▸ **The problem**
In the records that follow, find the line with "Page 9 of manga Bokinbako 2"; from there, retype every line exactly through the line with "Óculos Polarizado Pesca", which also belongs to the answer.

▸ **Records to process**
-----

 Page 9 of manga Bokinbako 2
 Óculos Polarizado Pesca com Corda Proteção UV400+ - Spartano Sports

-----

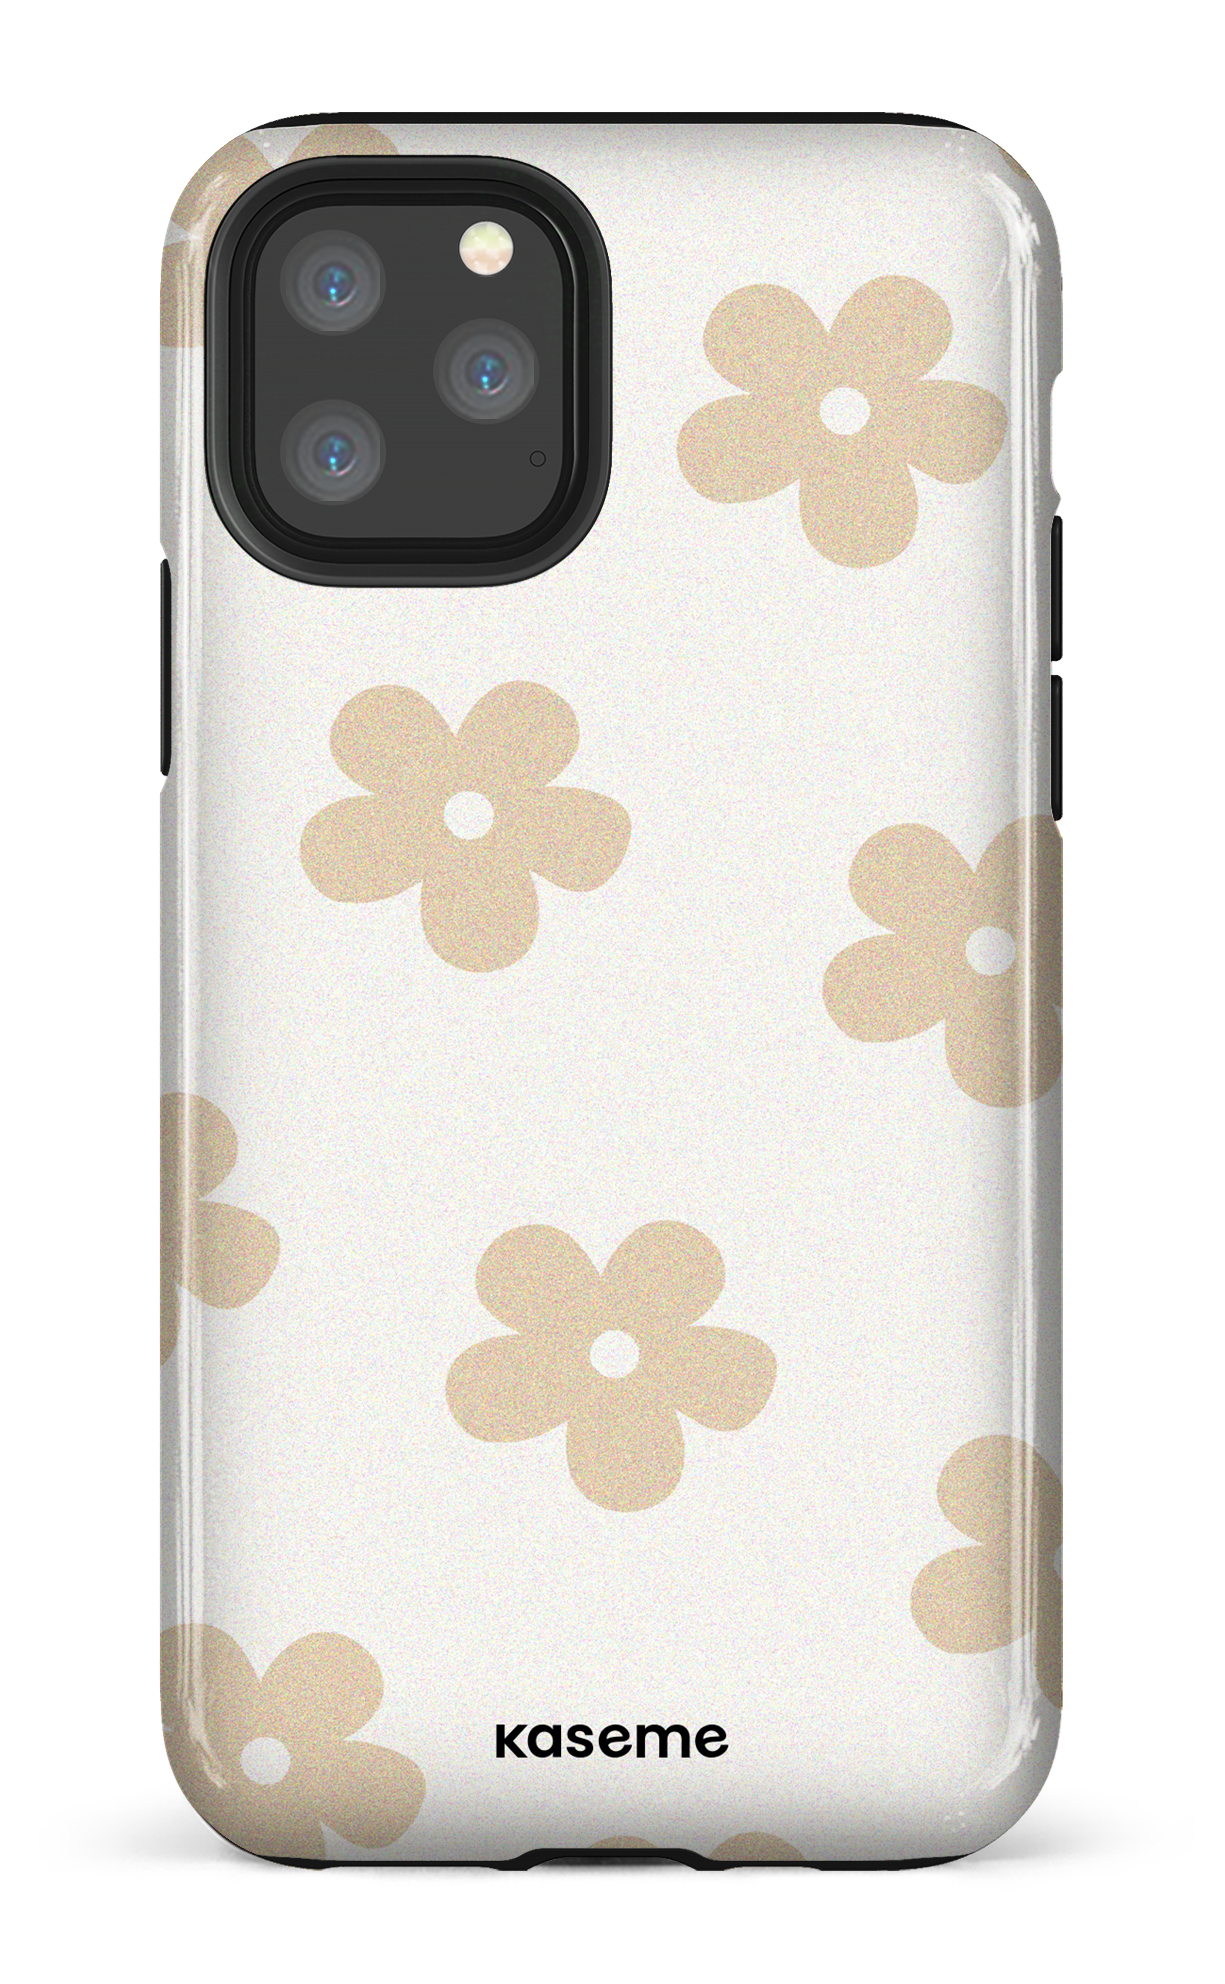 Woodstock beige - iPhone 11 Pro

-----

▸ **Solution for this task**
 Page 9 of manga Bokinbako 2
 Óculos Polarizado Pesca com Corda Proteção UV400+ - Spartano Sports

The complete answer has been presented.